# Beggars can't be choosers



## VenusEnvy

Quiero saber el modismo semejante de eso arriba: Beggars can't be choosers.


----------



## BasedowLives

i know of one that is along the same lines of this

A caballo regalado no se le mira el diente

don't look a gift horse in the mouth

but now that i think about it, it's not really the same...but upon searching for it i found "con buena hambre no hay mal pan"


----------



## VenusEnvy

BasedowLives said:
			
		

> i know of one that is along the same lines of this
> 
> A caballo regalado no se le mira el diente
> 
> don't look a gift horse in the mouth


I don't see what this has to do with the phrase I was asking about...



			
				BasedowLives said:
			
		

> but now that i think about it, it's not really the same...but upon searching for it i found "con buena hambre no hay mal pan"


Thanks!


Claro que hay más . . .


----------



## María Gabriela

Supongo que le cabe:
*No se le pude pedir peras al olmo*
Saludos desde el cono sur


----------



## Rayines

> I don't see what this has to do with the phrase I was asking about...


 *Claro, Nic., si tomamos una traducción literal de tu frase como "los mendigos no pueden elegir....(?)", la expresión que dio BasedowLives "A caballo regalado no se le miran los dientes" se refiere a que -como tú sabes, el pedigree de los animales se conoce mirándole la dentadura, o el paladar, creo- entonces significa que si te regalan algo, no puedes "elegir". "A buen hambre no hay pan duro", es otra, que se explica sola. Pero bueno, igualmente no sé si es esto lo que preguntabas....*


----------



## VenusEnvy

Rayines said:
			
		

> Claro, Nic., si tomamos una traducción literal de tu frase como "los mendigos no pueden elegir....(?)", la expresión que dio BasedowLives "A caballo regalado no se le miran los dientes" se refiere a que -como tú sabes, el pedigree de los animales se conoce mirándole la dentadura, o el paladar, creo- entonces significa que si te regalan algo, no puedes "elegir".


Gracias, Inés. Pero, ya lo sé qué significa la frase. Dicen lo mismo en inglés: Don't look a gift horse in the mouth. Pero, eso es diferente que "beggars can't be choosers".  
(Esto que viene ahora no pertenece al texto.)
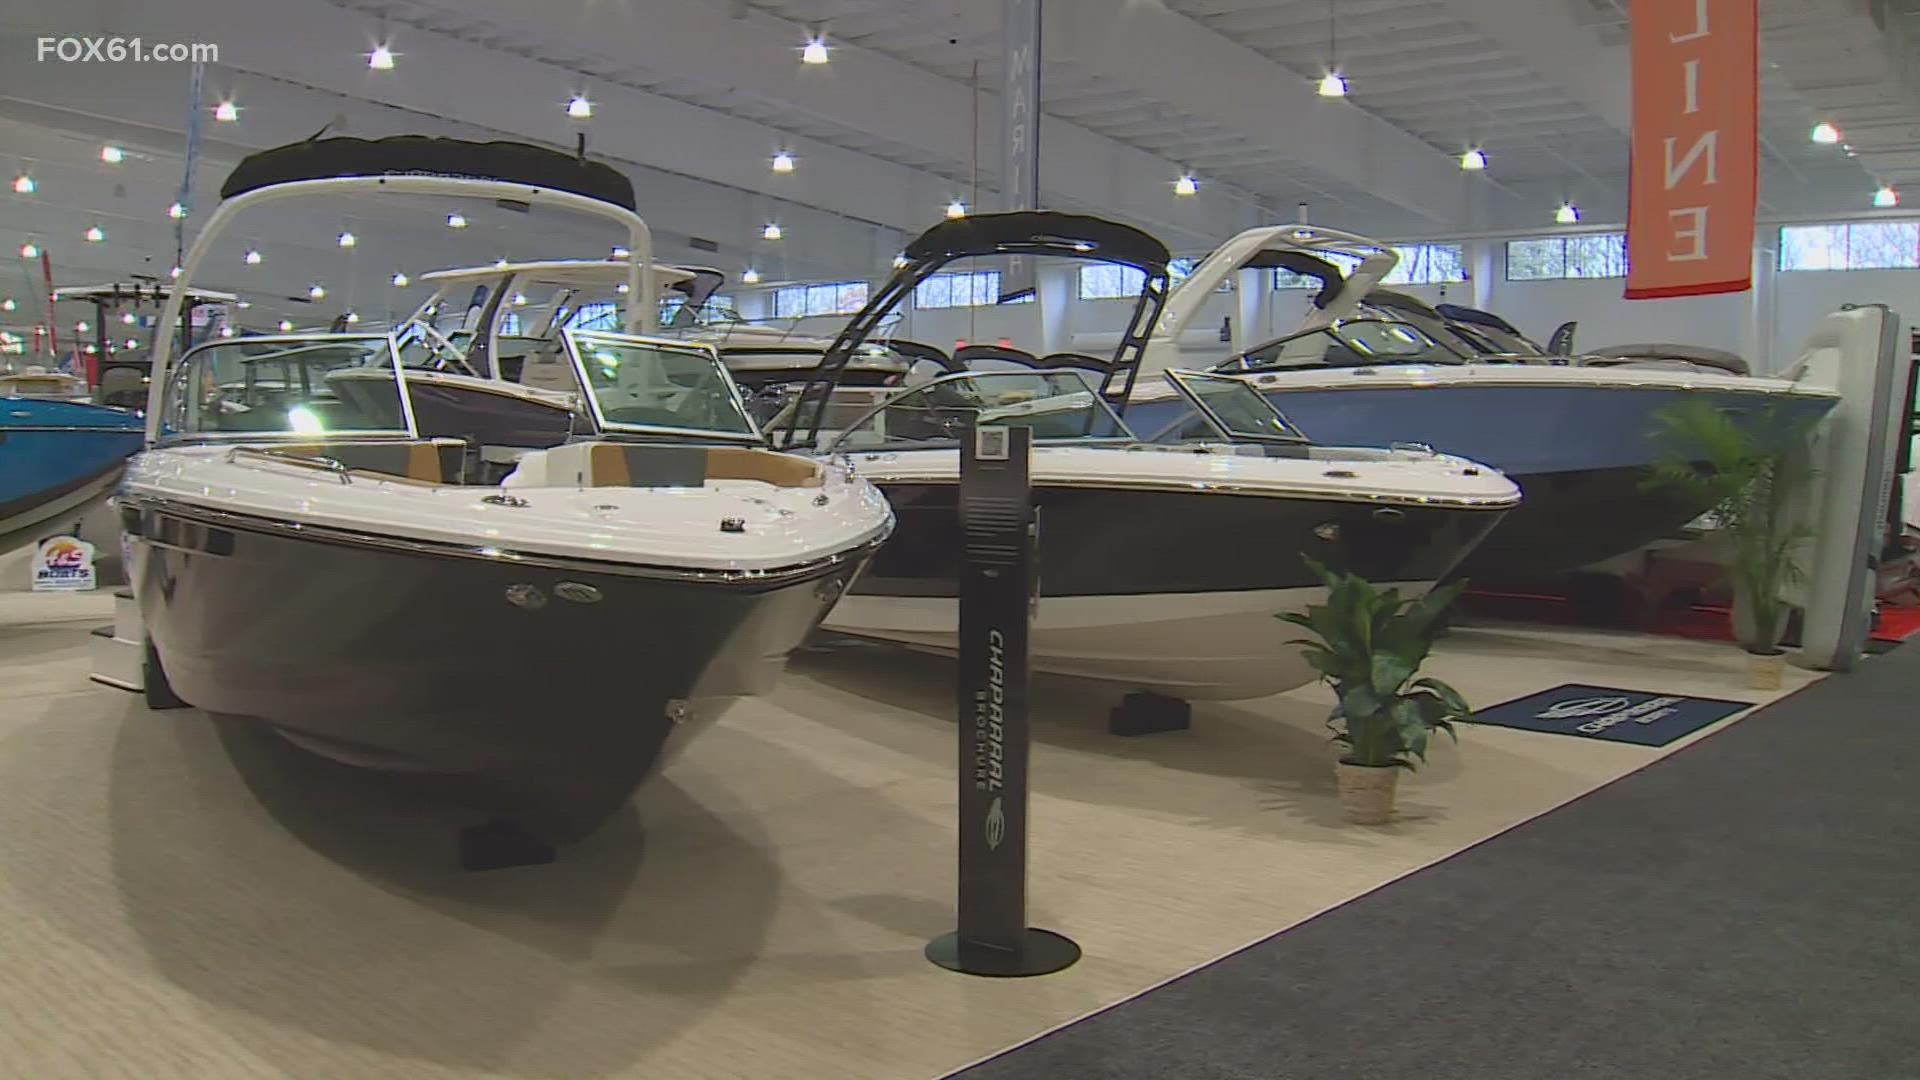 The expo center is filled with an array of boats and personal watercraft. There are about 150,000 square feet dedicated to all things aquatic.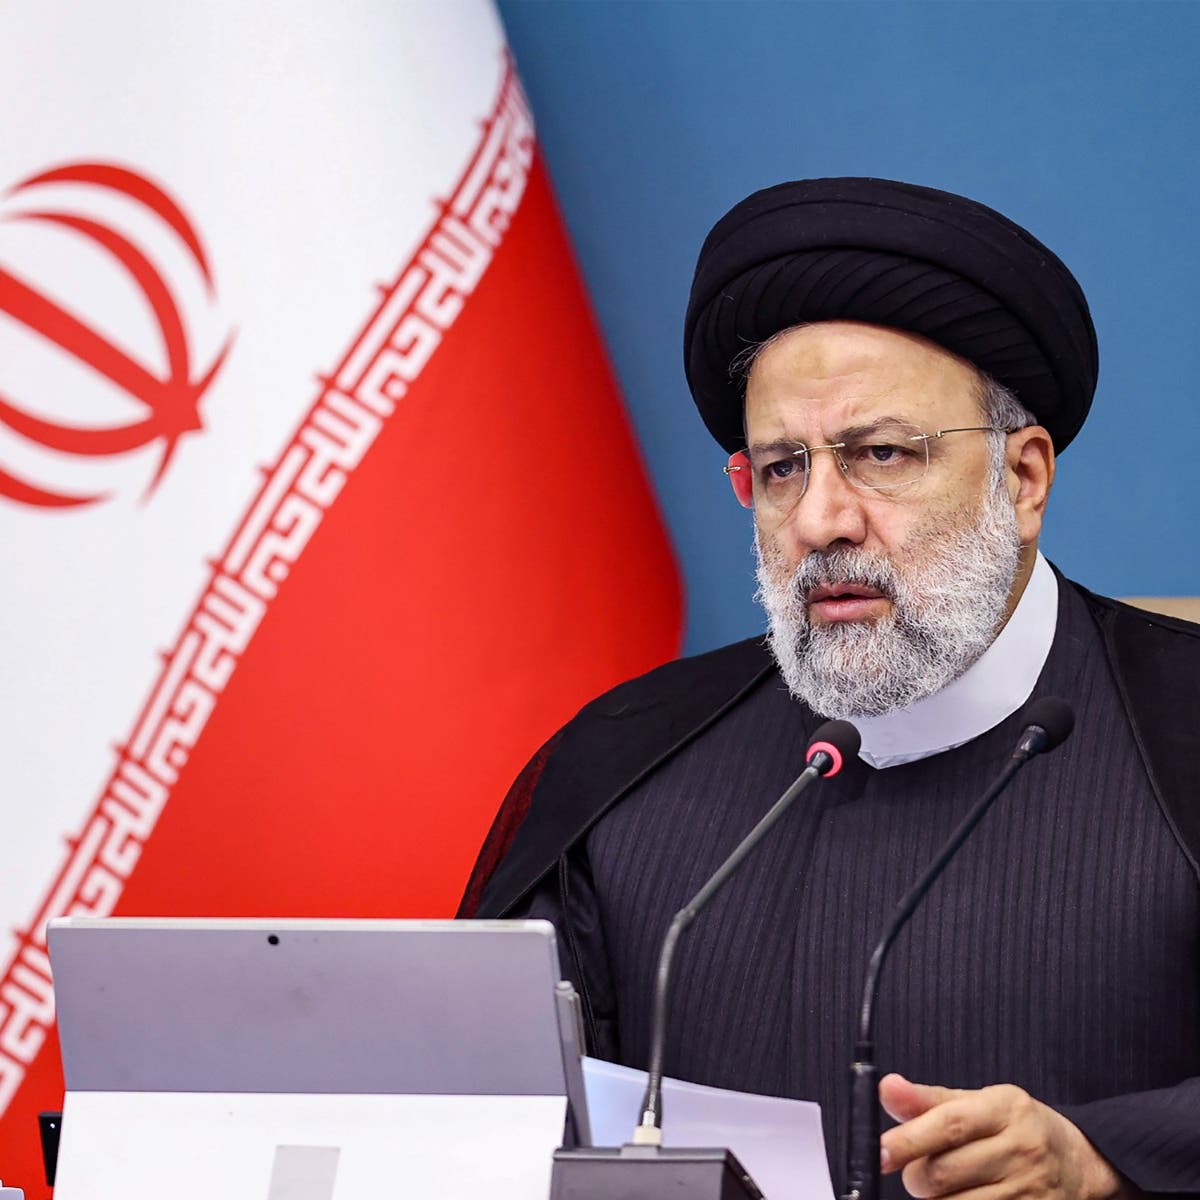 Iran president says Amini's death is ‘tragic incident,’ but ‘chaos’ unacceptable

I'll stick with _Con buena hambre no hay mal pan_.


----------



## Whisky con ron

Yo hubiera pensado que "a caballo regalado no se le mira colmillo" era la trducción exacta de "beggars can't be choosers".  Si no es así, entonces no entiendo qué significa la frase en inglés....  Yo pensaba que significaba que quien recibe algo regalado no puede ponerse a exigir....

Si no es así, puede alguien explicármelo?

Ta.


----------



## BasedowLives

they are very simliar.

but if you were given a gift, you didn't beg for it.  that's the only difference.

they both convey the same sentiment of not being too picky though.


----------



## Enlasarenas

"A falta de pan, buenas son tortas" es lo que más se ajusta al significado de "beggars can't be choosers". (Al menos en España, ya que en muchos países latinoamericanos comen tortas en vez de pan )Arenas

P.D. También "A buena hambre no hay pan duro" se usa mucho por aquí.


----------



## María Gabriela

Insisto en el post número 4...


----------



## swift_precision

Creía que la expresión en ingles era "beggers can't be choosy"???


----------



## duder

swift_precision said:
			
		

> Creía que la expresión en ingles era "beggers can't be choosy"???



Aunque es casi equivalente lo que tú dices, creo que la expresión original es _beggars can't be choosers._ Fíjate que ésta además mantiene lo que en inglés llamamos el "parallel structure", empleando dos sustantivos en plural en vez de un sustantivo y un adjectivo. Por cierto, debería ser "begg*a*rs".


----------



## robm

"beggars can't be choosers" is not quite the same thing as "never look a gift horse in the mouth".

The first phrase implies that the recipient desires something and is in no position to reject a gift, whereas the second phrase implies that the recipient is being offered a gift without  having asked for it and it would be rude to reject it.


----------



## Pakal

María Gabriela said:
			
		

> Insisto en el post número 4...


No Maria Gabriel, it has nothing to do with what it's being discussed here.
"No se puede pedir peras al olmo" se aplica cuando pides algo imposible.
Slds


----------



## QUIJOTE

VenusEnvy said:
			
		

> Gracias, Inés. Pero, ya lo sé qué significa la frase. Dicen lo mismo en inglés: Don't look a gift horse in the mouth. Pero, eso es diferente que "beggars can't be choosers".
> 
> I'll stick with _Con buena hambre no hay mal pan_.


 
The most common I've heard in reference to beggars is..."mendigo y con garrote" or "mendigo y dando cambio".


----------



## adremd

Here an explanation of the phrase I found online if it helps anyone.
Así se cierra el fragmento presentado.